DASL in Hawaii
Delaware Academy for School Leadership trains the trainers
8:52 a.m., Nov. 26, 2012--While almost 6,000 miles and the Pacific Ocean separate the two states, the conversation about leadership and school improvement is the same in Delaware and Hawaii. Both are small states focused on training administrators and teachers to improve learning outcomes for their students. Delaware has the advantage of being one of the first states to receive Race to the Top funding and having considerable expertise in school leadership through the University of Delaware’s Delaware Academy for School Leadership (DASL).
As a center within the College of Education and Human Development, DASL focuses on recommending improvements to education systems, through enhanced data collection and leadership training. It places a strong emphasis on collaboration, sharing data and influencing key leaders.
A hospitable job market
When officials with the Hawaii Department of Education (HIDOE) began to consider ways to improve their system, they contacted DASL to provide training for their school leaders. DASL staff developed an eight-day training session on how to make data-driven decision-making changes and fine-tune their instructional leadership.
In September, more than 500 people attended a statewide conference in Honolulu, sponsored by Hawaii’s Professional Development and Educational Research Institute (PDERI). Jacquelyn Wilson, director of DASL, was the keynote speaker, presenting “Leading Change: Adjusting your Sails.” DASL associates Sharon Brittingham and Emily Poag joined Wilson in a two-hour breakout session titled “Creating a Culture of Continuous Improvement.”

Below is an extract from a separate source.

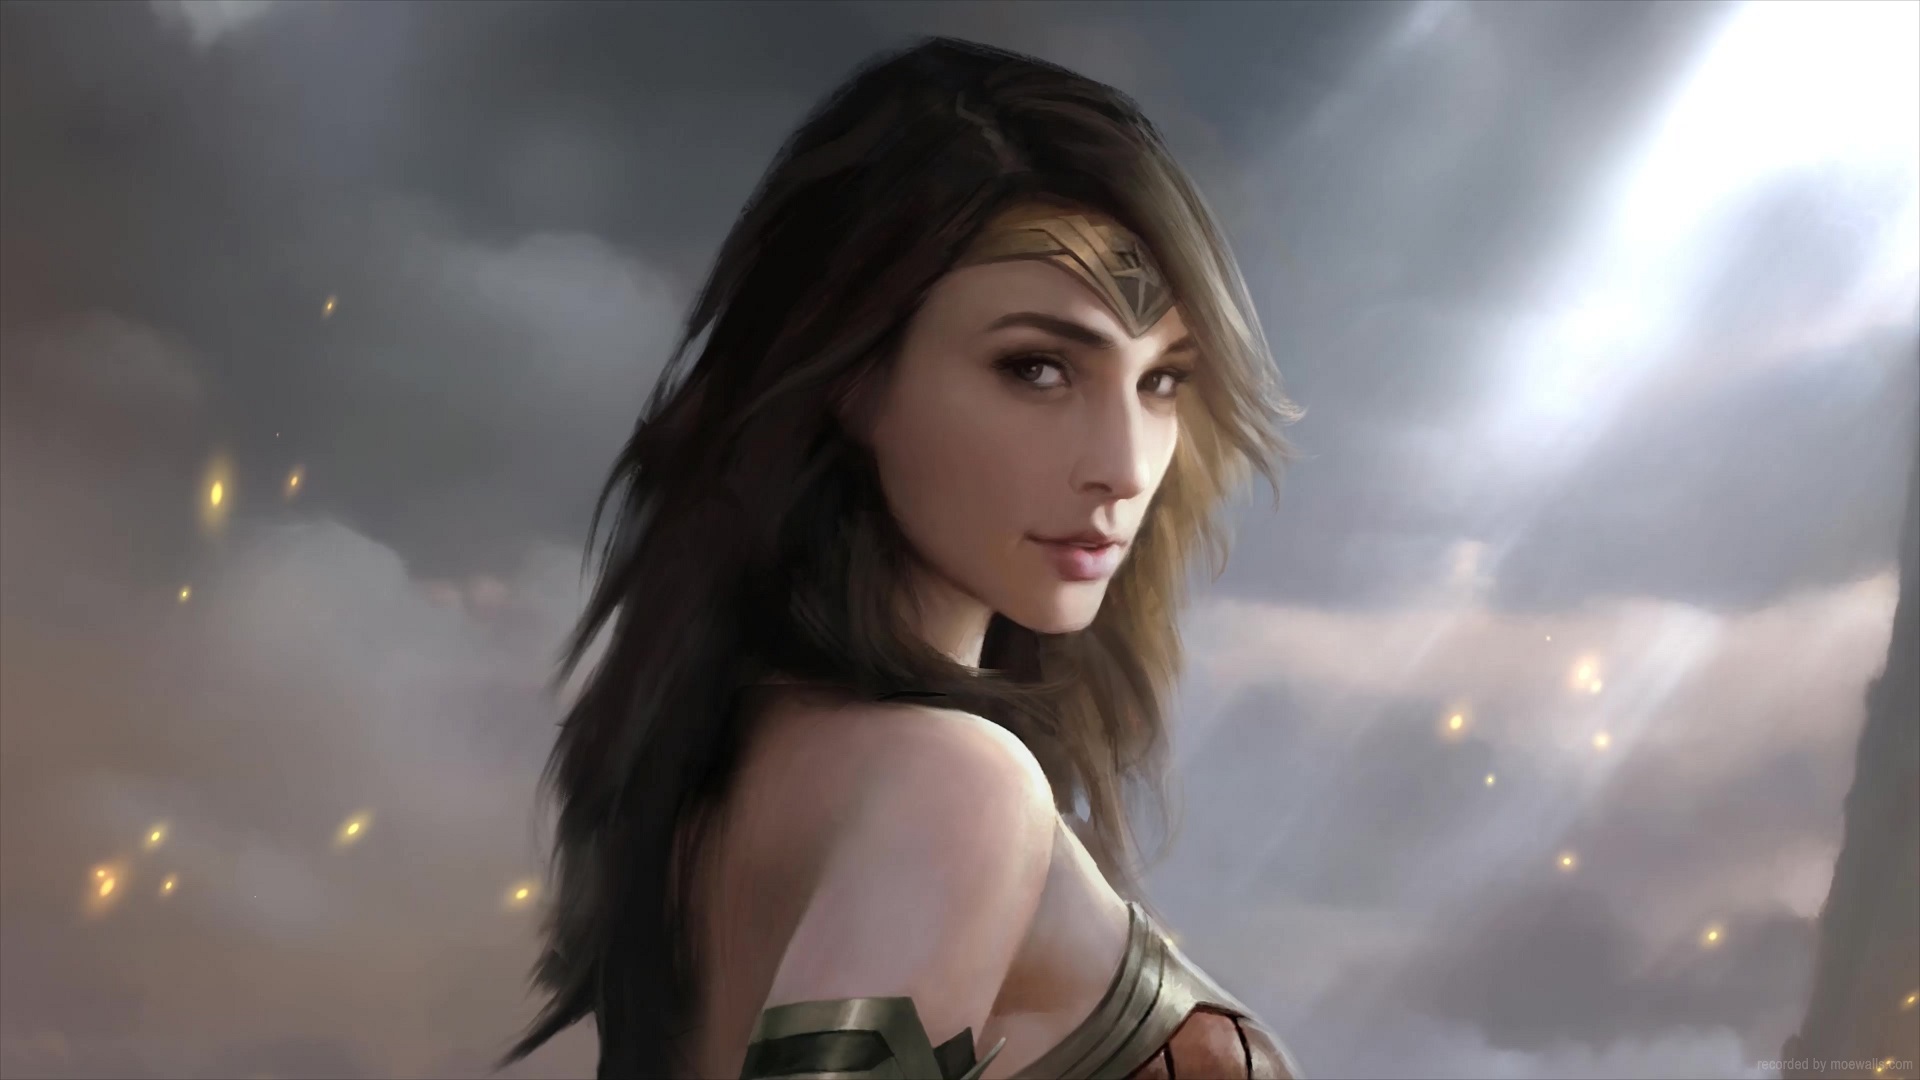 Wallpaper Wonder Woman, DC Comics, Gal Gadot, Wonder woman images for  desktop, section фильмы - download

Throughout the rest of the week, DASL trained aspiring leaders, new principals and vice principals, and school and state leaders to use data to evaluate existing strategies and track the effectiveness of change over time.
All training sessions involved giving attendees interactive problems to solve. Exercises such as these help attendees think through school-based problems and see the implications for their work.
Keileen Isono, vice principal of Castle High School, said she appreciated the exercises. "Participating in the thinking/strategy game provided me with a two-fold challenge involving in-depth analysis of a real life simulation. Each of my group members cooperated by thinking out loud, giving constructive feedback and making careful decisions that, together, led to a successful group outcome."
DASL has been working with PDERI over the past two years to develop training modules that would best suit their needs. Wilson said she has been very pleased with the relationship. “We have found the staff at PDERI to be knowledgeable and eager collaborators as we share ideas and strategies related to preparing both aspiring and practicing school leaders.”
Donna Kagawa, administrator with PDERI, agreed, saying, “Our partnership with DASL has reenergized us to more effectively support our school leaders in the rapidly transforming field of education. The DASL team has demonstrated an exceptional level of professionalism, customizing professional development for a range of needs and providing expertise in cutting edge research-based practices.“
While conference evaluations showed that participants enjoyed their sessions, the true measure of success has been hearing that their programs were successfully implemented. “I was very excited to use the strategies presented by the DASL team,” stated Jamie M. Dela Cruz, principal of Ka’elepulu Elementary School. “We decided to implement the head-heart-hands table talk tool in our instructional leadership team to facilitate honest, productive discussions. Other groups found it intriguing and we were asked to share it at the next district meeting. Mahalo for an excellent training with exceptional, usable tools.”
In addition to their national efforts, DASL continues to provide services to Delaware schools. DASL officials have recently initiated several new leadership programs – the Superintendent/Executive Leaders Seminar Series, Executive Coaching and the Executive Leadership Academy.